→ **What you have to do**
Omitting every picture, output the records below exactly, please.

→ **Exercise data**
────────

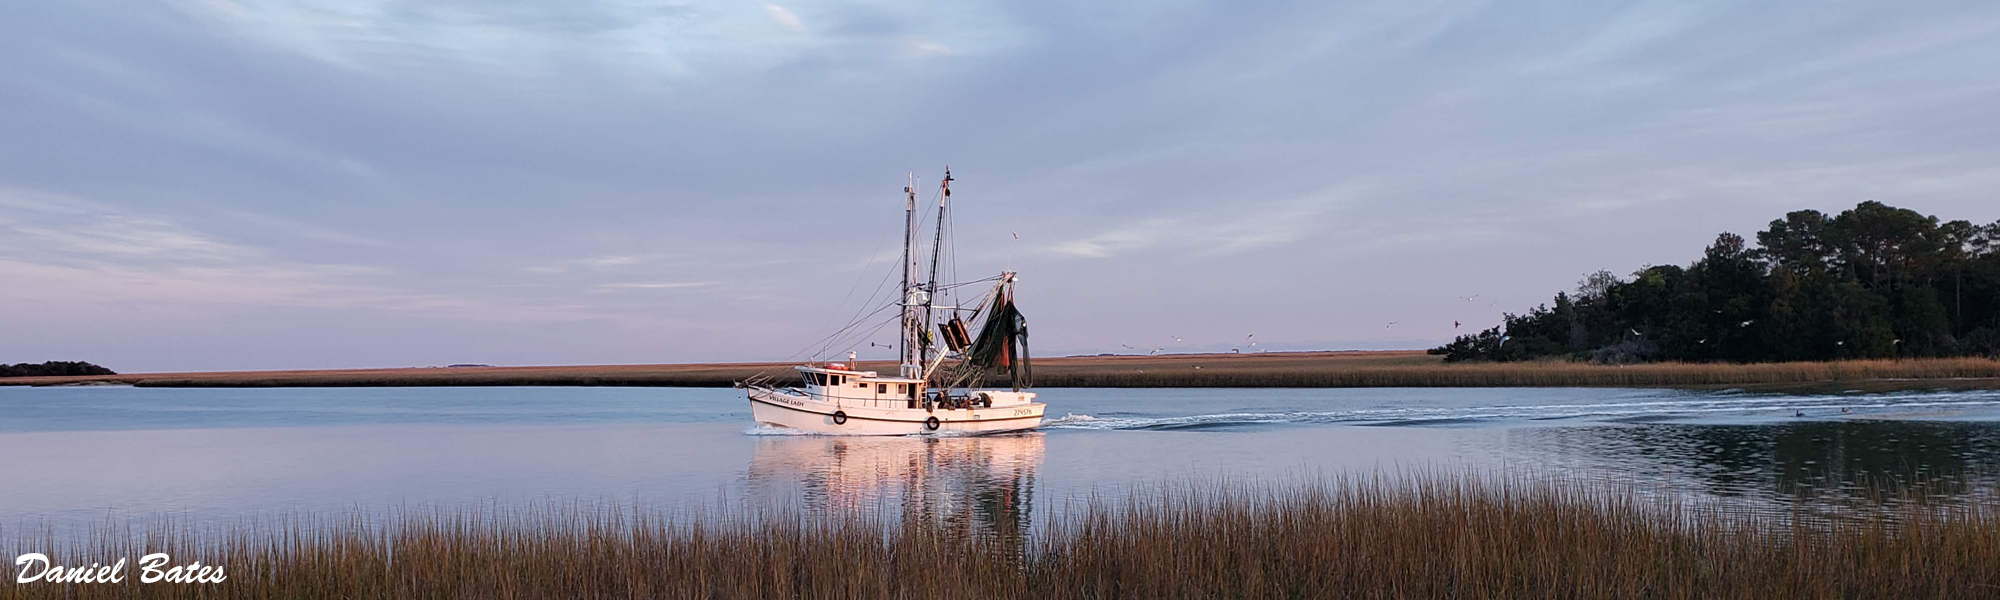 McClellanville Shrimp Boat at the Mouth of Jeremy Creek
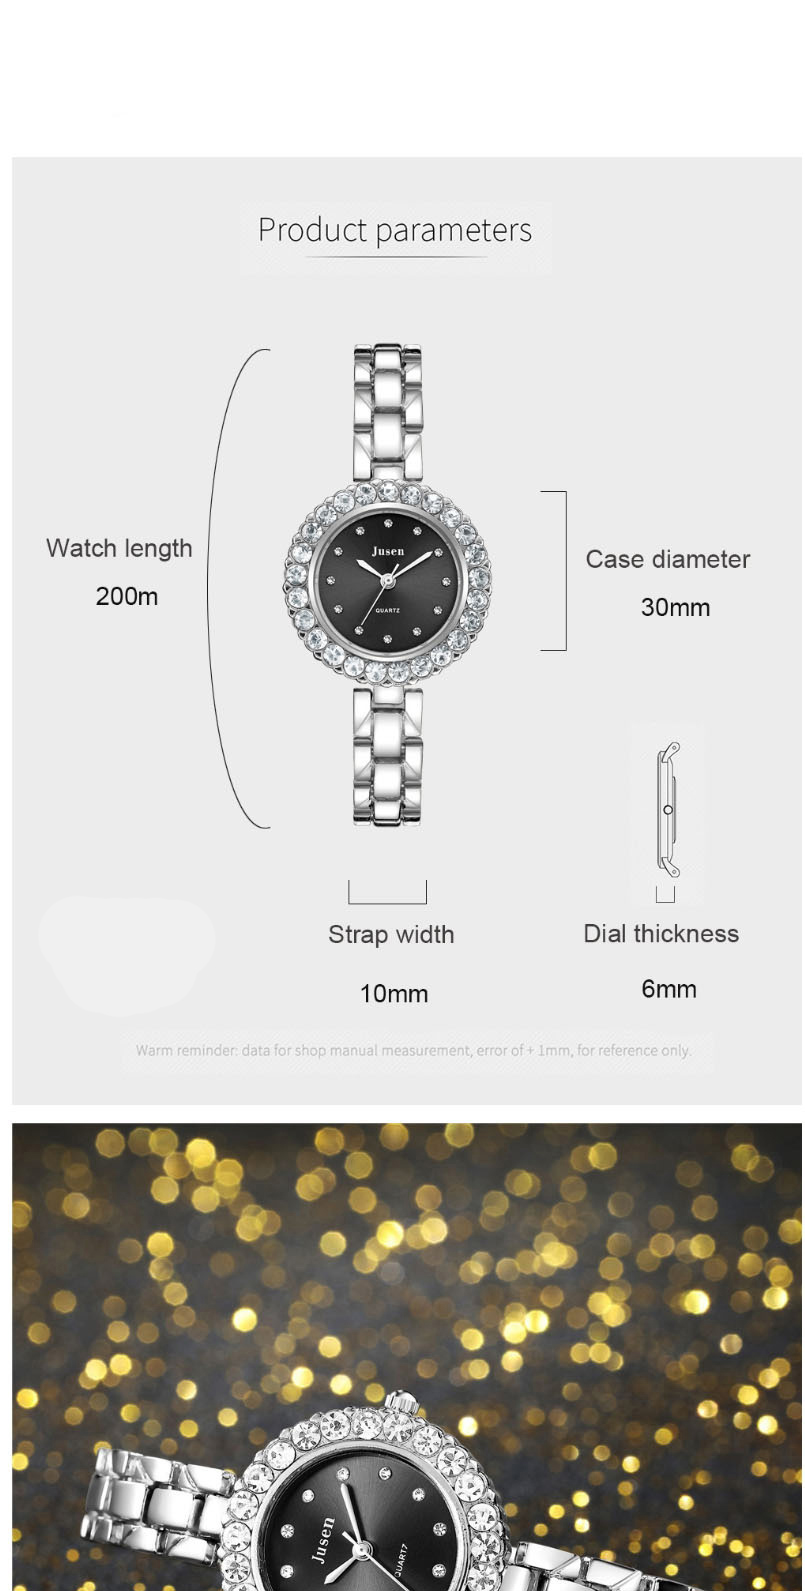 Fashion Black Face With Silver Band Diamond Bracelet Watch With Diamonds,Ladies Watches
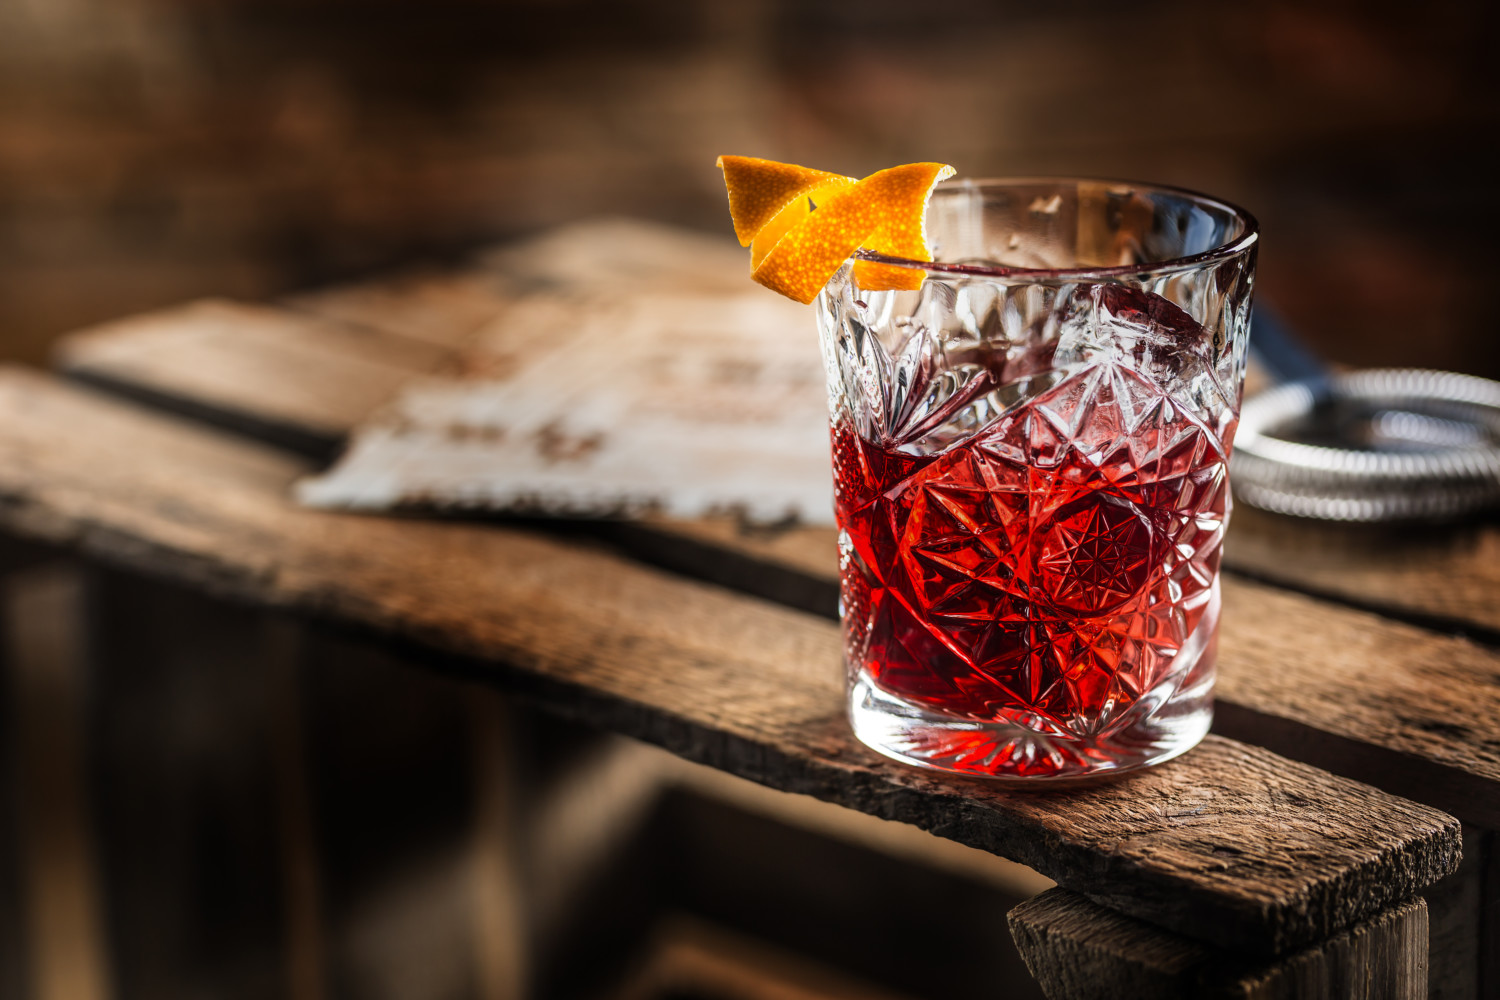 Negroni - one of the most popular cocktails in the world
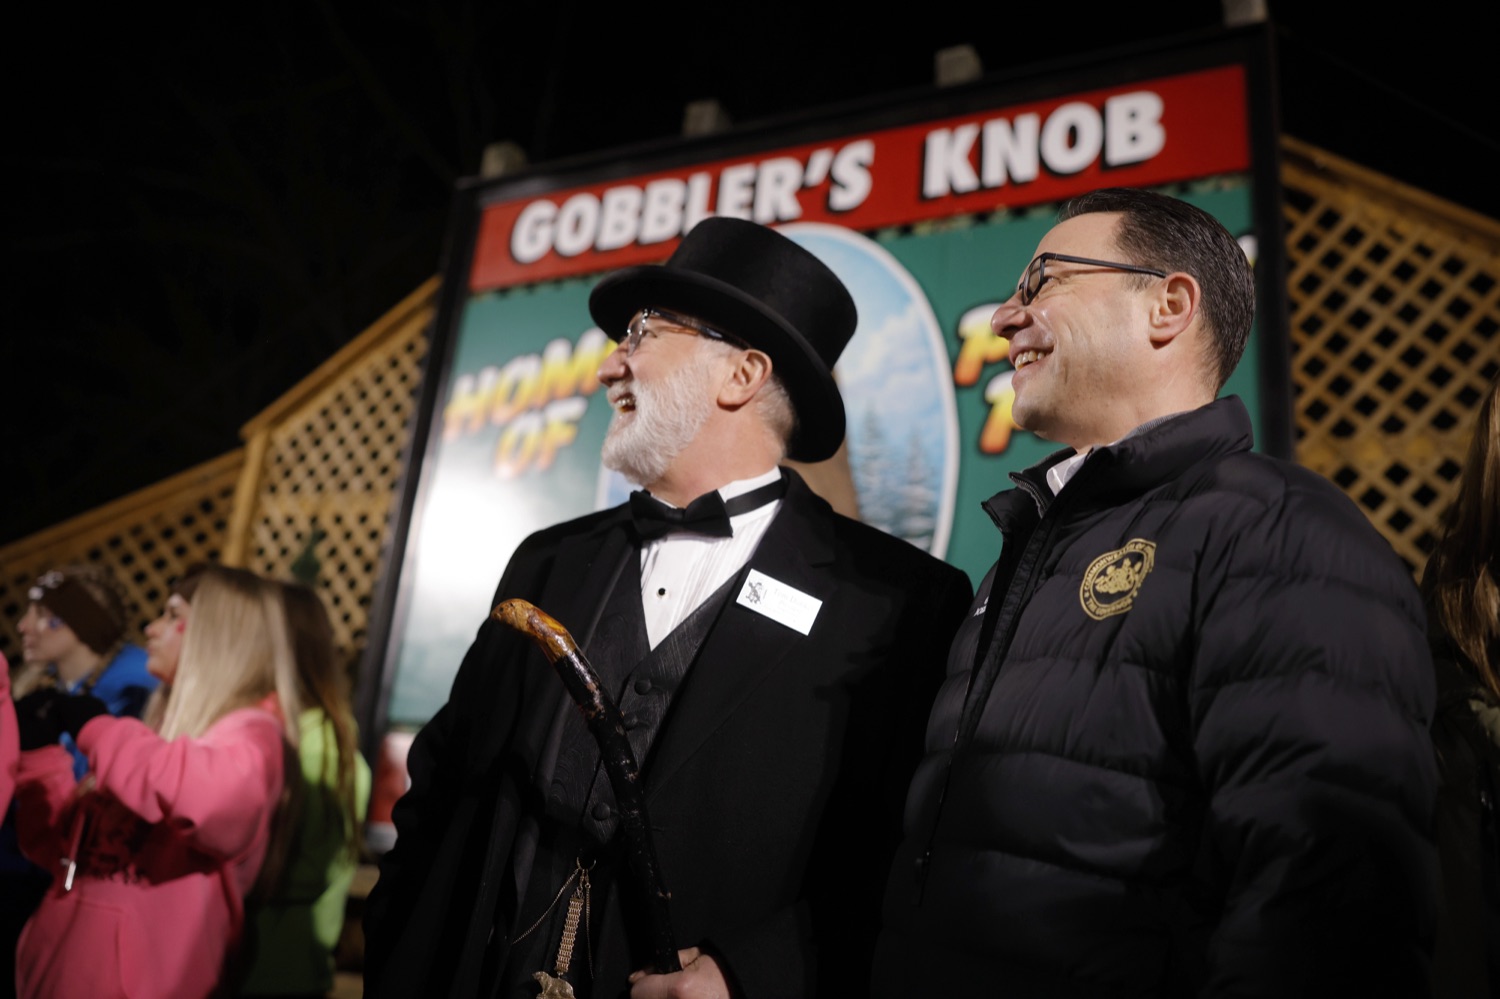 Pennsylvanias very own world-famous groundhog Punxsutawney Phil predicted an early spring after not seeing his shadow this morning at Gobblers Knob in Punxsutawney  marking the 21st time Phil has not seen his shadow during the 138-year-old tradition. Governor Josh Shapiro and Department of Community and Economic Development (DCED) Secretary Rick Siger were in Punxsutawney this morning, for the second year in a row, as Phil made his annual prediction. The Governor and his Administration understand the importance of the travel and tourism industry, which serves as a powerful economic engine in every corner of the Commonwealth.  FEBRUARY 02, 2024 - PUNXSUTAWNEY, PA<br><a href="https://filesource.amperwave.net/commonwealthofpa/photo/24181_dced_groundhogday2024_dz_0001.JPG" target="_blank">⇣ Download Photo</a>
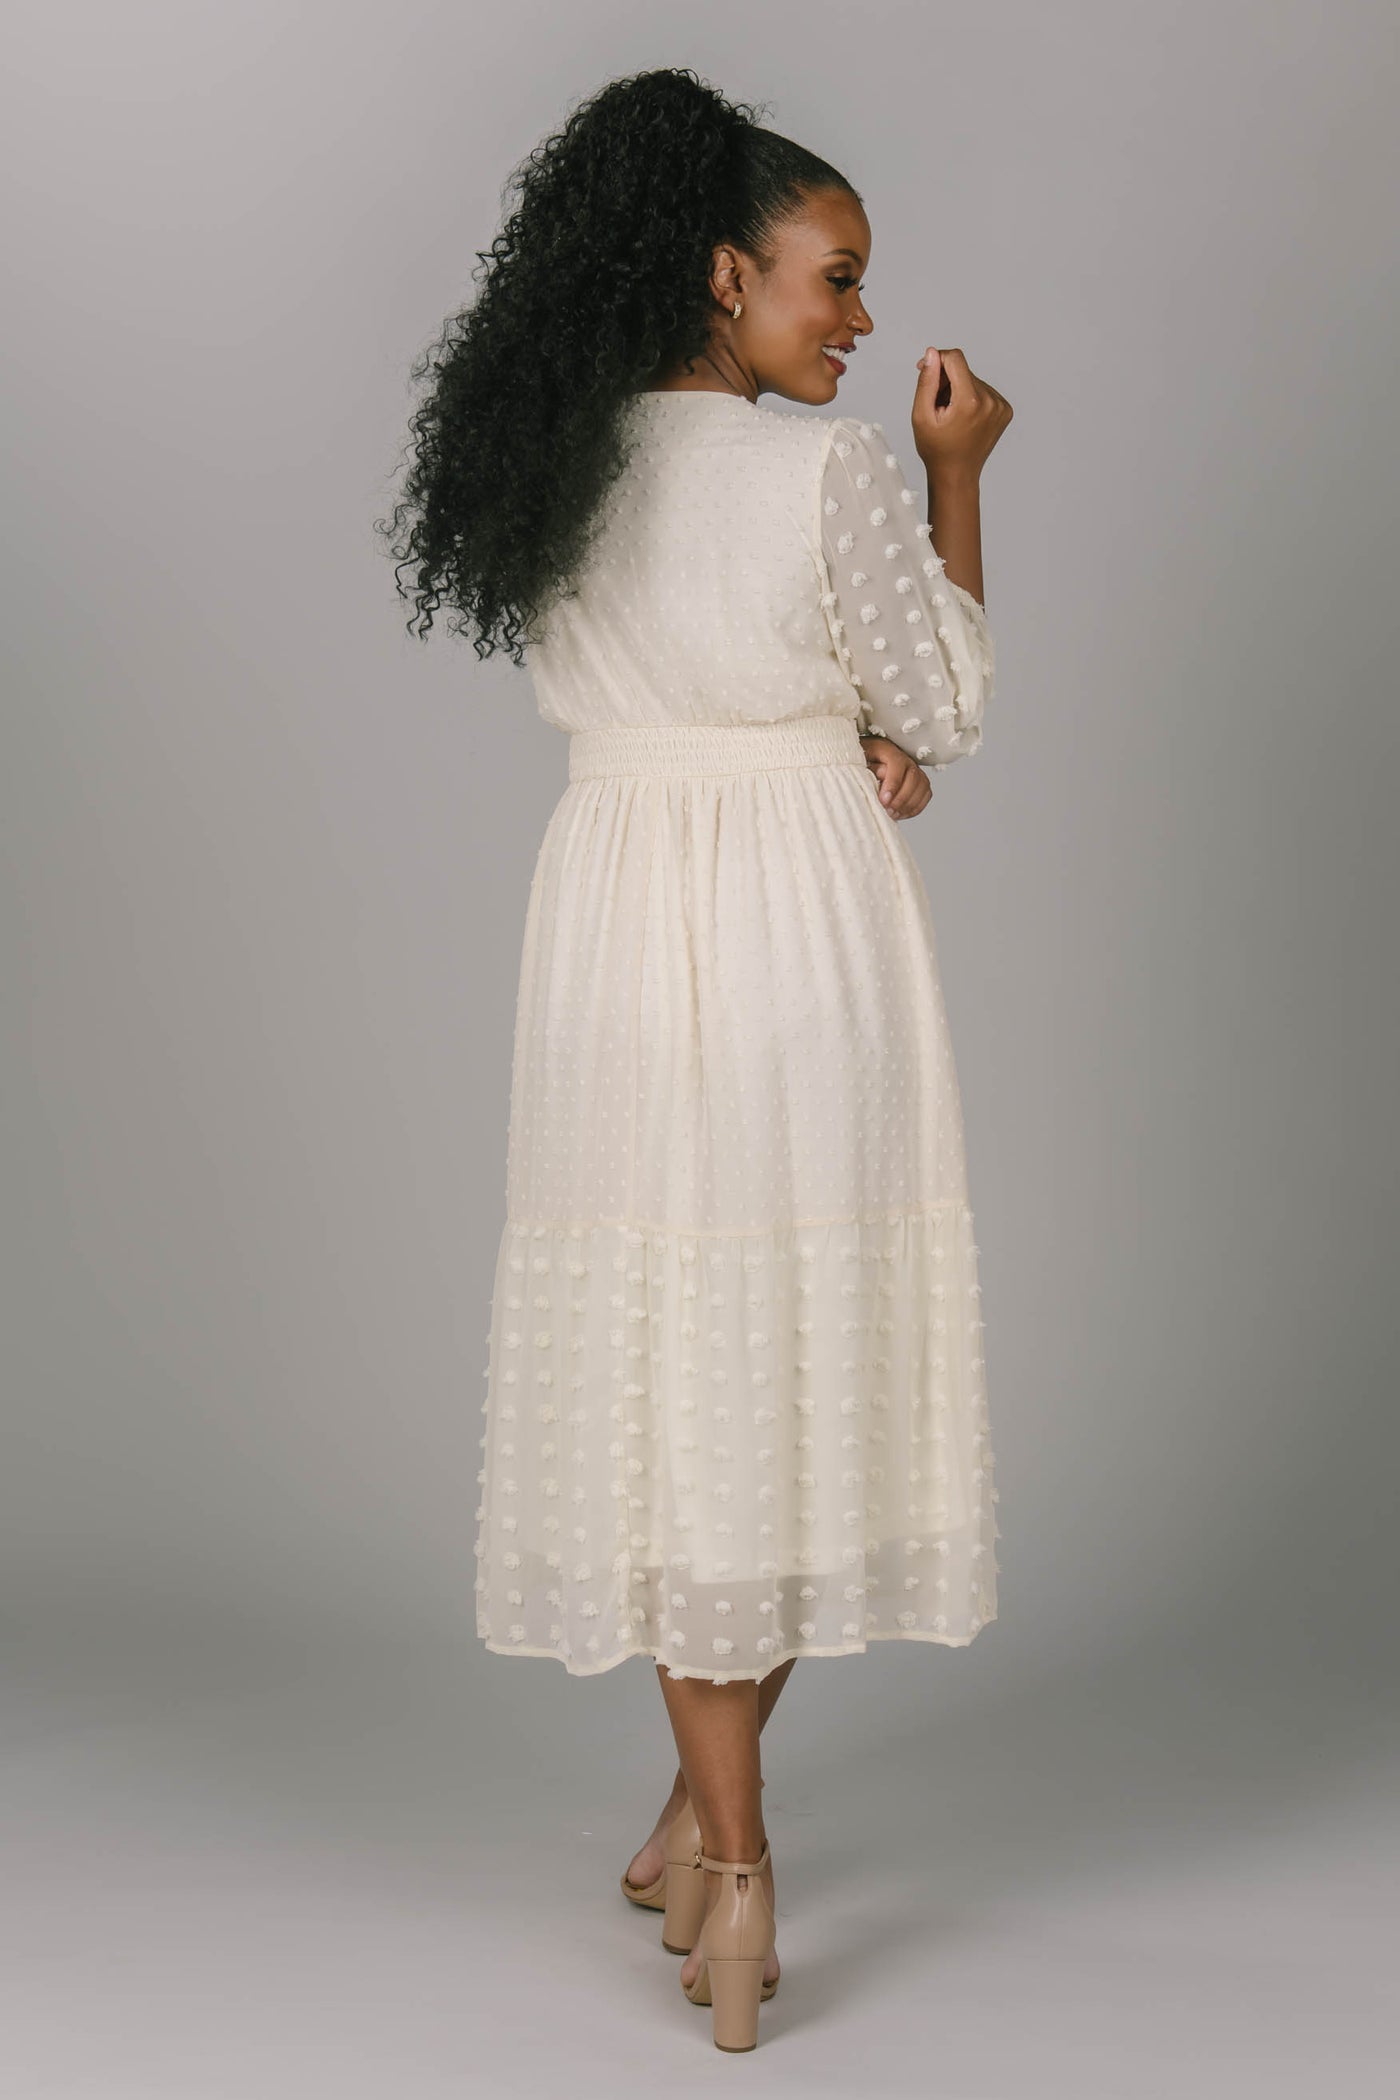 Back view of this modest Swiss dot dress. The length is mid-calf and the waist is cinched that has a square neckline and bishop sleeves. Modest women with a variety of skin tones look amazing in this dress.

────────

→ **Your response**
 McClellanville Shrimp Boat at the Mouth of Jeremy Creek
 Fashion Black Face With Silver Band Diamond Bracelet Watch With Diamonds,Ladies Watches
 Negroni - one of the most popular cocktails in the world
 Pennsylvanias very own world-famous groundhog Punxsutawney Phil predicted an early spring after not seeing his shadow this morning at Gobblers Knob in Punxsutawney  marking the 21st time Phil has not seen his shadow during the 138-year-old tradition. Governor Josh Shapiro and Department of Community and Economic Development (DCED) Secretary Rick Siger were in Punxsutawney this morning, for the second year in a row, as Phil made his annual prediction. The Governor and his Administration understand the importance of the travel and tourism industry, which serves as a powerful economic engine in every corner of the Commonwealth.  FEBRUARY 02, 2024 - PUNXSUTAWNEY, PA<br><a href="https://filesource.amperwave.net/commonwealthofpa/photo/24181_dced_groundhogday2024_dz_0001.JPG" target="_blank">⇣ Download Photo</a>
 Back view of this modest Swiss dot dress. The length is mid-calf and the waist is cinched that has a square neckline and bishop sleeves. Modest women with a variety of skin tones look amazing in this dress.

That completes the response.